Data excerpts below:
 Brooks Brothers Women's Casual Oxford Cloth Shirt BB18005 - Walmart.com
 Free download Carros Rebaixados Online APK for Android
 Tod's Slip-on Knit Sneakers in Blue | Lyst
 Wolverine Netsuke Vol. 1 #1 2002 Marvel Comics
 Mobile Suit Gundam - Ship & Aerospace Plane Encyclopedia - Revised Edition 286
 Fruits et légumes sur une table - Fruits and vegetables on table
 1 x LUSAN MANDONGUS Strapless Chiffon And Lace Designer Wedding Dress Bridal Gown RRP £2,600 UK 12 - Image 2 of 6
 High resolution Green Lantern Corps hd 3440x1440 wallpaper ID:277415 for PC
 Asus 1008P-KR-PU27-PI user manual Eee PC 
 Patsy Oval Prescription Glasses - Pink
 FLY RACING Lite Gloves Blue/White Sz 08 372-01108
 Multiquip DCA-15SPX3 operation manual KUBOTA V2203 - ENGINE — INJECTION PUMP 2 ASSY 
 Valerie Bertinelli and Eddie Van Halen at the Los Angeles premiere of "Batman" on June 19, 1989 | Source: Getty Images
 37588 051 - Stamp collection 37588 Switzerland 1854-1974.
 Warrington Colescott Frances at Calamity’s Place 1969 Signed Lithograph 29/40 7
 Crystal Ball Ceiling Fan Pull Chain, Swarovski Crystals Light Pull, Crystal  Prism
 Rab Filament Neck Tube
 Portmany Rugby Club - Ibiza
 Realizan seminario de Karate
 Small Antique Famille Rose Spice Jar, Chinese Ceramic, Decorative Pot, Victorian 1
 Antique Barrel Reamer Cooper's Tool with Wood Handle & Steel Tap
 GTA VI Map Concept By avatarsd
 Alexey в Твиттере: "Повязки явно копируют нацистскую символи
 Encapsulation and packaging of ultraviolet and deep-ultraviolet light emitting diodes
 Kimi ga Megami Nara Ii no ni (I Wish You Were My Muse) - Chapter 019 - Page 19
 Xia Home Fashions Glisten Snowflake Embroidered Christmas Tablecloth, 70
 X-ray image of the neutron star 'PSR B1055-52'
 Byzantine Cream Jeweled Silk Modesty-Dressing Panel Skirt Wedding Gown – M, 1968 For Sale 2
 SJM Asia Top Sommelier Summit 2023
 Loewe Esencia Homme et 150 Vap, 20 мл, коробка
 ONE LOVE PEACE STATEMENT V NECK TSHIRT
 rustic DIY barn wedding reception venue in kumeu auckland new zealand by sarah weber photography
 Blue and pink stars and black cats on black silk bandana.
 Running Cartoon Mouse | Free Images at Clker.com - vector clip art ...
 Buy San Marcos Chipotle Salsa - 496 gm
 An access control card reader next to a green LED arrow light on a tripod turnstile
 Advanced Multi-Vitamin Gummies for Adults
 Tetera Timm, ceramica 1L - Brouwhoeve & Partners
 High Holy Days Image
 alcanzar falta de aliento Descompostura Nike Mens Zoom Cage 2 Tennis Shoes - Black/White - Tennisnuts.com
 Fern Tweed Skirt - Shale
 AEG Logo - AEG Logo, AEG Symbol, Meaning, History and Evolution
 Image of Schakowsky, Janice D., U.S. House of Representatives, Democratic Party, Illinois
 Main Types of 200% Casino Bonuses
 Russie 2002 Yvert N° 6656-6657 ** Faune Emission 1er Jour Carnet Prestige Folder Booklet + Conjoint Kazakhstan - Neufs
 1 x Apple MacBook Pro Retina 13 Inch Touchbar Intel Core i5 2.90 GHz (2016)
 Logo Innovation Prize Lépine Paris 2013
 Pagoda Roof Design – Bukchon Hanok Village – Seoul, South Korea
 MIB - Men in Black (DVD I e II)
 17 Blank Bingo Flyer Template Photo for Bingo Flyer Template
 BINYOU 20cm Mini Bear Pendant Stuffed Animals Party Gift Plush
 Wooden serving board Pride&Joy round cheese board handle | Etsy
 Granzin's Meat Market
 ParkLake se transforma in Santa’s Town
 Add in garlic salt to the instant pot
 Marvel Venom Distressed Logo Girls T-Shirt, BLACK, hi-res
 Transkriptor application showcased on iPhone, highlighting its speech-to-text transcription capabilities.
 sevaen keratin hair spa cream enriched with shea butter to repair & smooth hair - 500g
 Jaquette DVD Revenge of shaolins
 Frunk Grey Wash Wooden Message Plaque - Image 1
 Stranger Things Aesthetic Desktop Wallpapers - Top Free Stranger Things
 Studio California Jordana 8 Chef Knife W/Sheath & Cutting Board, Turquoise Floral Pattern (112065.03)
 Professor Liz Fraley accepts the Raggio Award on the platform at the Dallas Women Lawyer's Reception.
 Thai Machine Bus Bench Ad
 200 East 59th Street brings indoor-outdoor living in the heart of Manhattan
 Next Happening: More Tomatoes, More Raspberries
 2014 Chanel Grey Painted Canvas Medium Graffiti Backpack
End of Data excerpts.
Work order:
Provide only the number of lines in the entries that hold the word "Wooden".

Exercise output:
2